Australian railway operator

Bowmans Rail was an Australian railway operator hauling freight in South Australia.

==History==
Bowmans Rail was founded as Bowmans Intermodal in 2003. It was a joint venture between hay processor and exporter Balco, and logistics operator Patrick Corporation, each owning 50%. A railway terminal was built with a one-kilometre siding was built at Bowmans, South Australia.

in September 2012 Toll Holdings and AGT Foods Australia purchased Patrick's shareholding. The company adopted its current name in 2016, when it transported over 36,000 containers annually.

The company operates freight services from Bowmans and Port Pirie to Port Adelaide; conveying lead, hay, grain, pulses, seed, wine and pork bellies, as well as the importation of fish bait. Since 2016 the company has transported mineral sands for Tronox Mining between Broken Hill and Port Adelaide, and in 2017 intended to commence an Adelaide to Leigh Creek intermodal service for the mining and petroleum industries.

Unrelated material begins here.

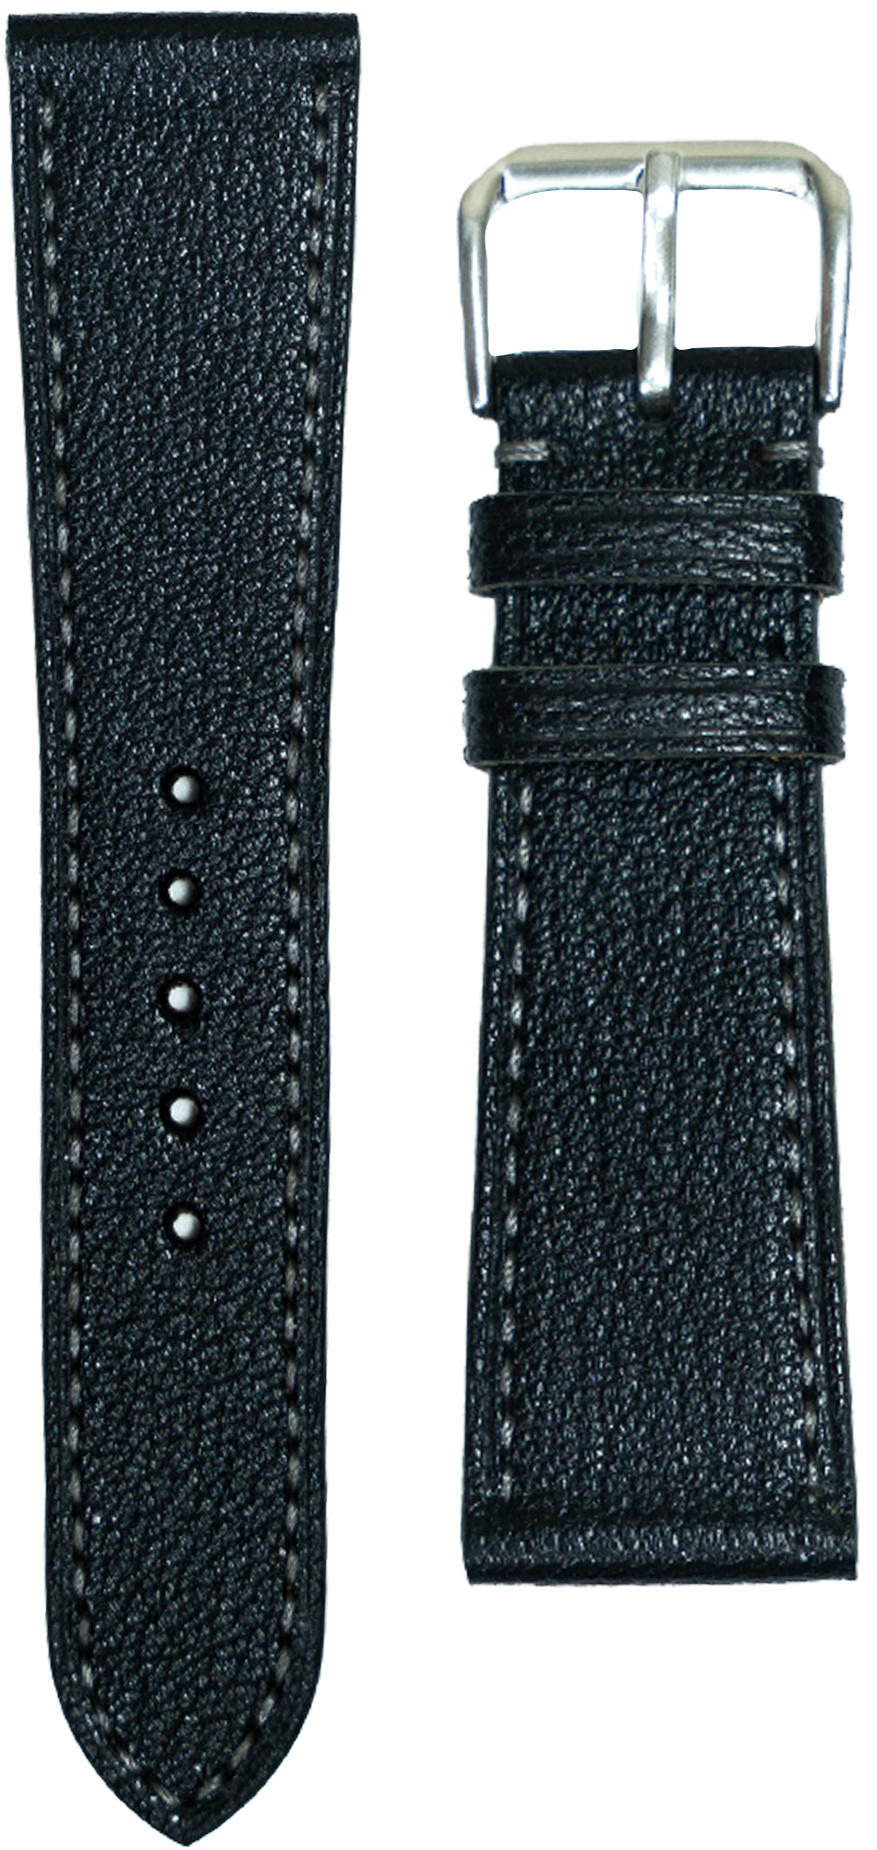 alran goat leather watch strap - black

Bowmans Rail opened a new intermodal terminal near Port Augusta in March 2018. The site was adjacent to the Bungala Solar Power Farm which was under construction and would receive solar panels and other construction materials by rail to reduce the number of trucks accessing the site via unsealed roads. The new terminal on the former Leigh Creek line was expected to handle 2,000 containers per annum.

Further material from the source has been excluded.